Ella llegó desde la República Dominicana huyendo del país «tan mal administrado» en el que vivía. «Nuestro gobierno ha conseguido que muchas hayamos optado por dejar nuestro país», dice con cierta dureza. Sin embargo, desde hace años ocupa su tiempo cocinando en una restaurante, no sin antes haber pasado temporadas limpiando casas o cuidando de personas mayores. «Lo que más me gusta de mi trabajo actual es haber aprendido a cocinar la comida de aquí. ¡Está buenísima!», dice con una amplia sonrisa.
Rechazo social
El testimonio de cada una de ellas permite comprobar que han sido víctimas de un sentimiento racista hacia ellas. Aunque afirman que están integradas en la sociedad, más de una advierte alguna situación incómoda en sus vidas al otra lado del Atlántico. ‘Guachupina’, ‘sudaka’, ‘indígena’ o ‘tercermundista’ son algunas de las perlas que han tenido que soportar. «A veces hemos padecido el rechazo social, la discriminación por nuestra nacionalidad y nuestra condición económica o simplemente por el color de nuestra piel», asegura Sdenka. A continuación relata una experiencia que dejó boquiabierto a un hombre español: «Estábamos en una cola esperando para un puesto de trabajo. Había gente de todas las razas y colores. Se acercó un señor de aquí, nos miró a un grupo y no dijo ‘¿Pero vosotras ya sabéis hablar español? Anda, iros a vuestro puto país’. Me giré, le miré y le dije educadamente ‘Verá, castellano hablo perfectamente, el español aún lo estoy aprendiendo, aunque ya sé decir ’me cago en tu puta madre’ y ‘puta mierda’».
Esta, como otras tantas, son situaciones que se expresan en el rechazo, la discriminación, los prejuicios y estereotipos que pesan sobre los inmigrantes, «principalmente referidos a la competencia laboral», aclara Sdenka.

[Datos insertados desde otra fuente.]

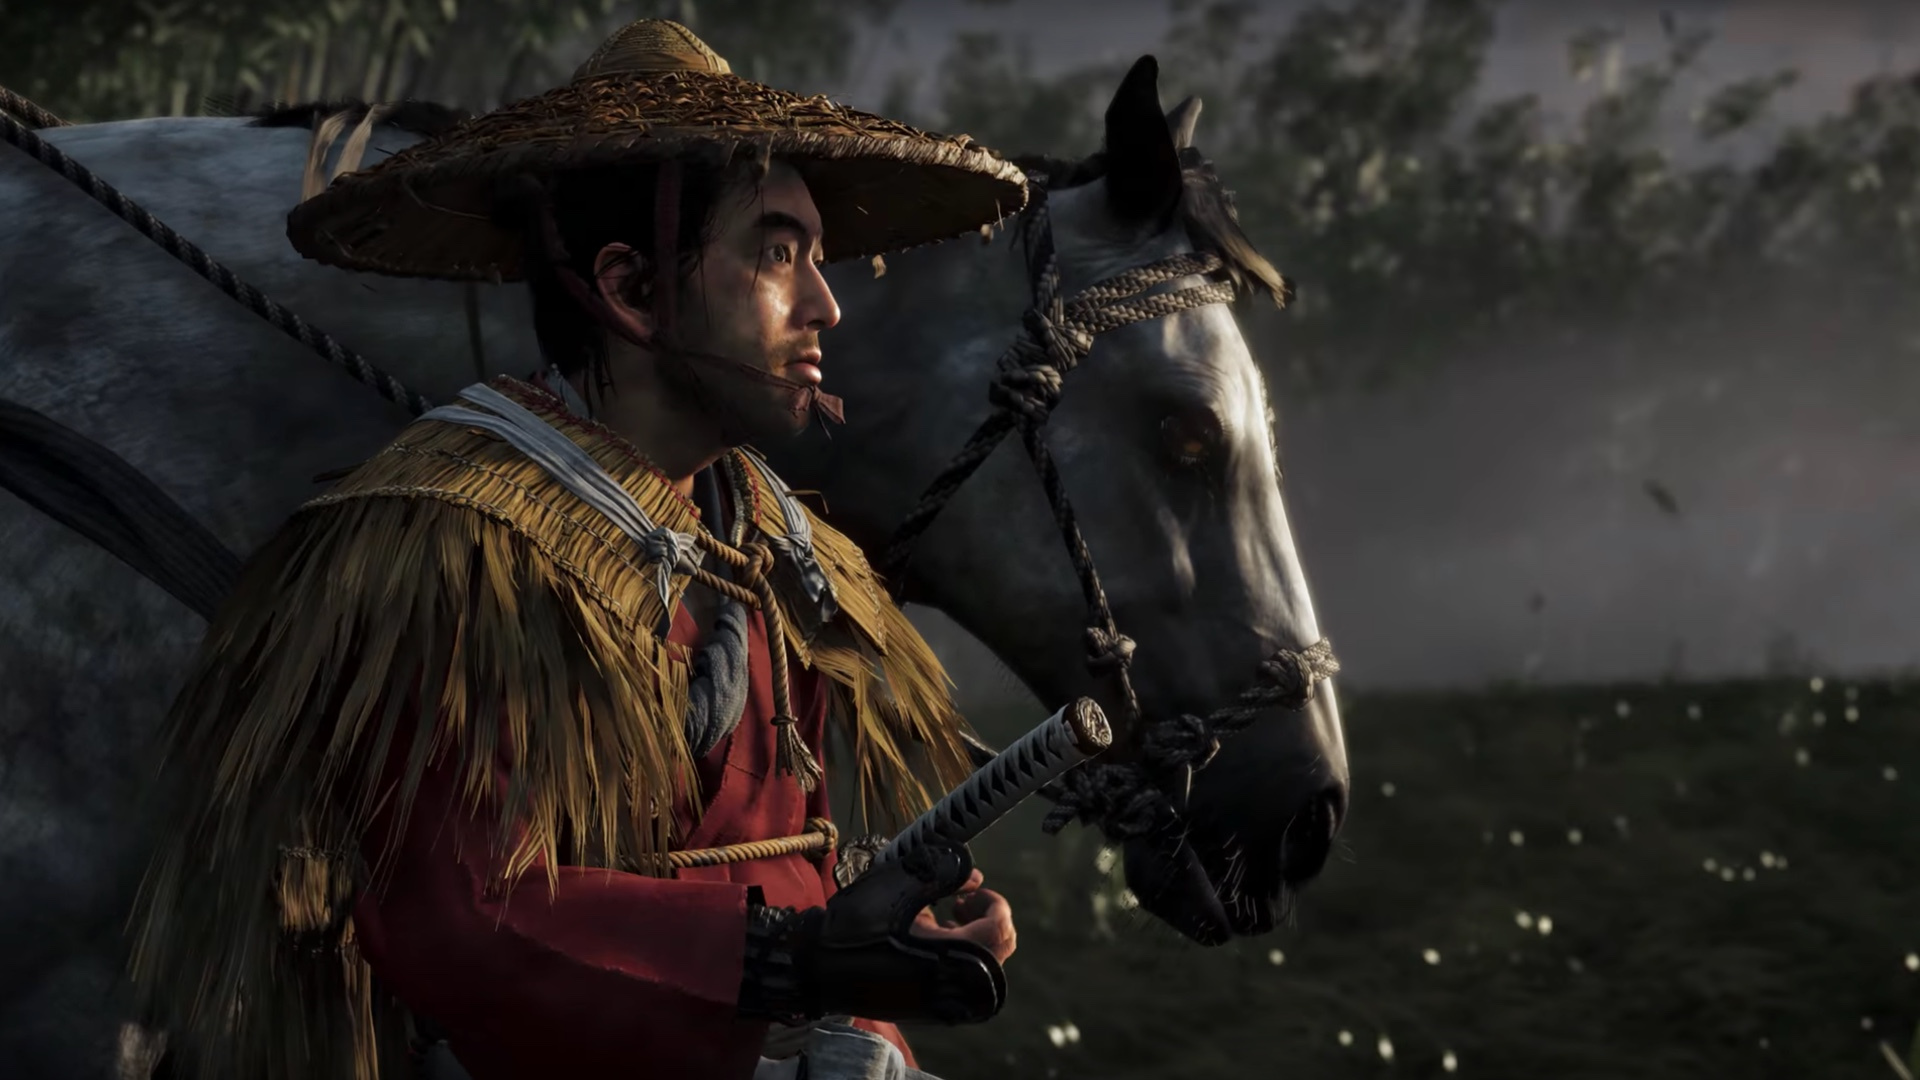 http://images.pushsquare.com/e5854b50fcc27/ghost-of-tsushima-state-of-play-ps4-playstation-4-1.original.jpg
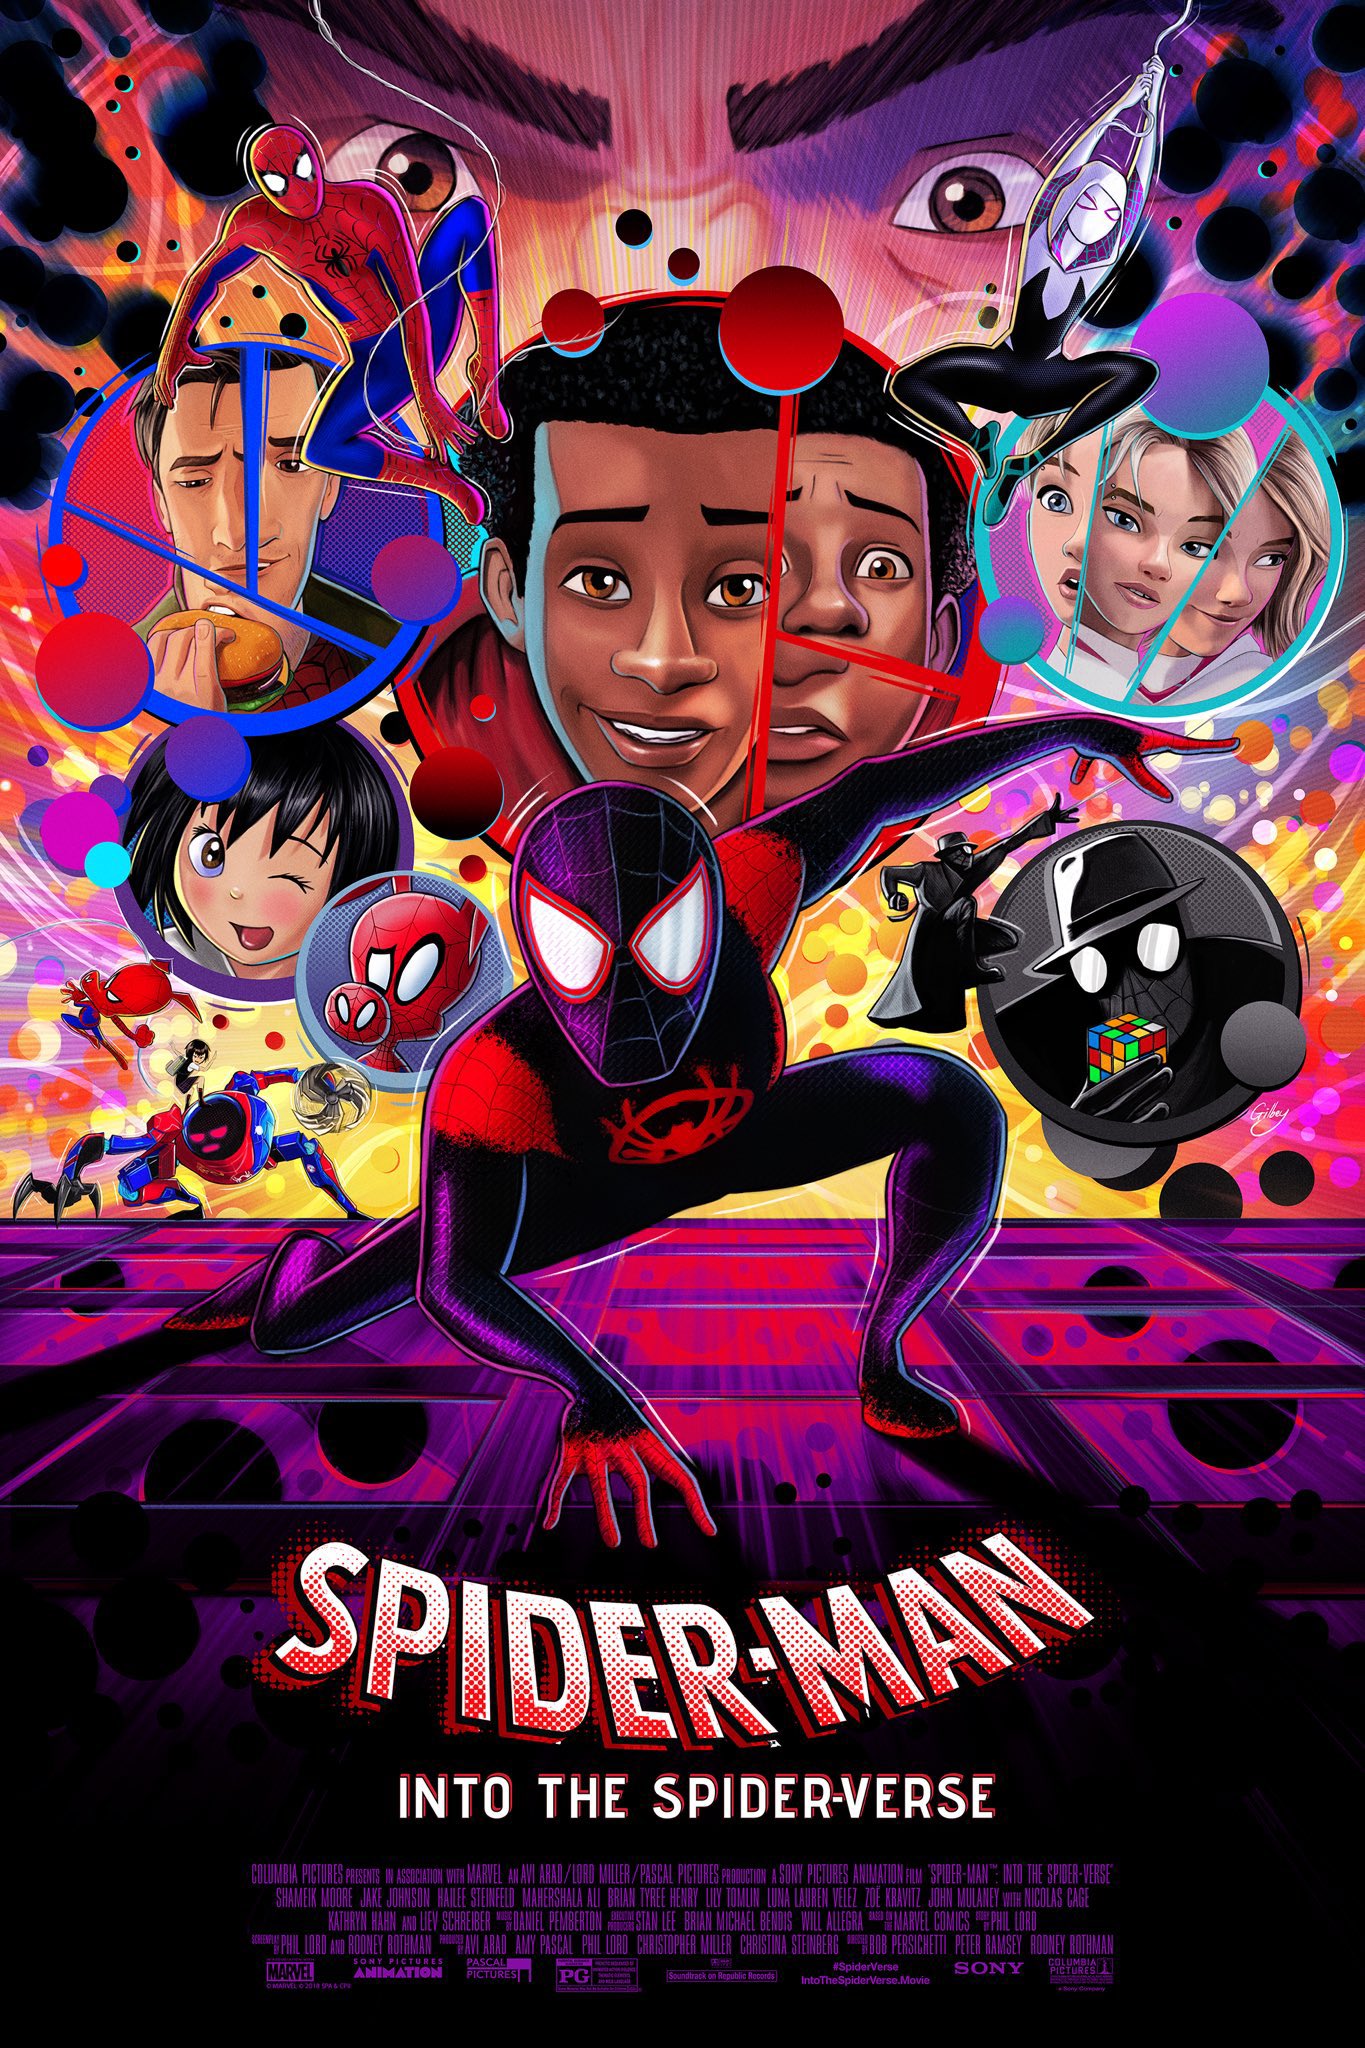 New Spider Man Into The Spider Verse Posters Spotligh vrogue.co

Ella insiste: «El trabajo emocional que supone la presencia continua de una persona que, además de ofrecer compañía, ofrece bienestar, cuidados y cariño a las personas en situación de dependencia, es una labor que se realiza en solitario y no está socialmente valorada». «Creo que vascos y españoles se están acostumbrando a que seamos nosotras las que hagamos este tipo de trabajos», le sigue Sofía. Además, advierte Sdenka: «Yo no tengo ese problema, pero soy consciente de que para muchas familias vascas y españolas, no todas eso sí, contratar a una cuidadora inmigrante es una opción con ventajas económicas, porque se paga un sueldo miserable para una disposición de 24 horas».
Todas por fin cuentan con una situación regularizada, pero también les costó lo suyo: «No hay más que trabas», hasta que consiguieron no caminar con miedo por ser deportadas a su país. Años después, estas mujeres aseguran tener sólo un sueño más por cumplir: reunir el suficiente dinero para poder estar con su familia. «Deseamos volver».